Table of Contents
Definition / general | Essential features | Terminology | ICD coding | Epidemiology | Sites | Etiology | Diagrams / tables | Clinical features | Diagnosis | Laboratory | Radiology description | Radiology images | Prognostic factors | Case reports | Treatment | Gross description | Microscopic (histologic) description | Microscopic (histologic) images | Cytology description | Cytology images | Positive stains | Negative stains | Molecular / cytogenetics description | Molecular / cytogenetics images | Sample pathology report | Differential diagnosis | Additional references | Board review style question #1 | Board review style answer #1 | Board review style question #2 | Board review style answer #2Cite this page: Xu B, Mannan R, Yuan S. Nasopharyngeal carcinoma. PathologyOutlines.com website. https://www.pathologyoutlines.com/topic/nasalnasopharyngealgeneral.html. Accessed September 21st, 2023.
Definition / general
- Nasopharyngeal carcinoma originates from the nasopharyngeal mucosa showing histologic or immunophenotypic evidence of squamous differentiation
- WHO classification of nasopharyngeal carcinoma:
- Nonkeratinizing squamous cell carcinoma
- Differentiated subtype
- Undifferentiated subtype
- Keratinizing squamous cell carcinoma
- Basaloid squamous cell carcinoma
- Nonkeratinizing squamous cell carcinoma
Essential features
- Originates from nasopharynx
- Showing squamous differentiation on H&E or immunohistochemistry
- Most are positive for Epstein-Barr virus (EBV) / Epstein-Barr encoded RNA (EBER) in endemic areas (China, Southeast Asia and North Africa)

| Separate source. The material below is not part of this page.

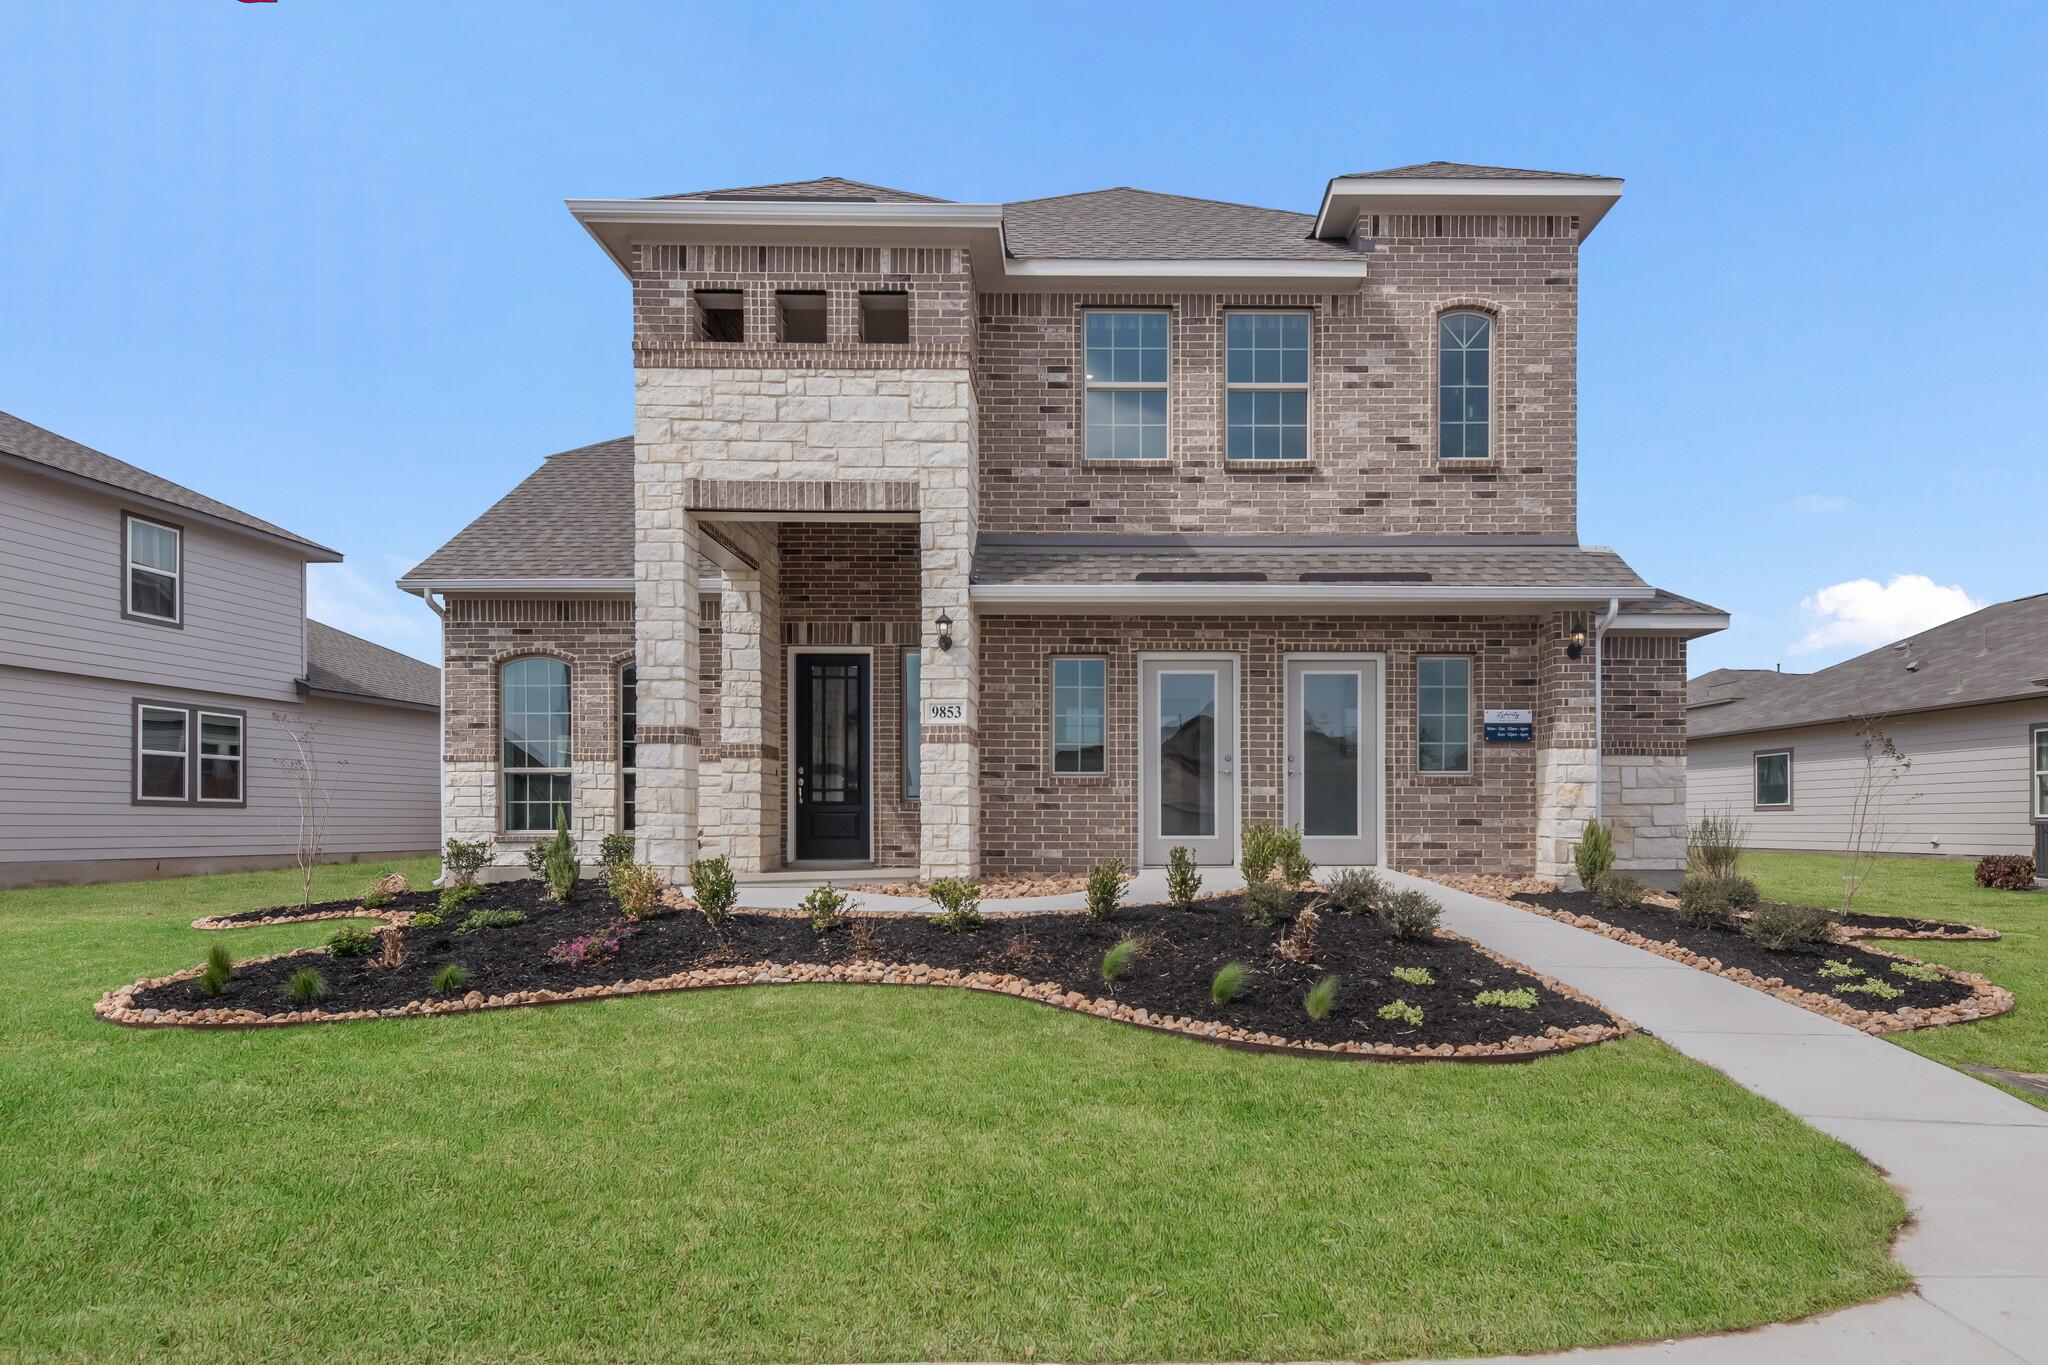 Rhine Valley - New Homes for Sale in Schertz, TX 78154 | Liberty Home  Builders

- Nonkeratinizing, undifferentiated subtype is the most common, showing syncytial growth pattern, vesicular nuclei with prominent central nucleoli and reactive lymphoid stroma
Terminology
- Nonkeratinizing, undifferentiated: lymphoepithelioma, lymphoepithelial carcinoma, undifferentiated carcinoma
- Nonkeratinizing, differentiated: transitional carcinoma
- Keratinizing: squamous cell carcinoma
ICD coding
Epidemiology
- High Incidence in China, Southeast Asia, North Africa, natives of Arctic region and part of the Mediterranean Basin (Semin Diagn Pathol 2015;32:54, Surg Oncol Clin N Am 2015;24:547)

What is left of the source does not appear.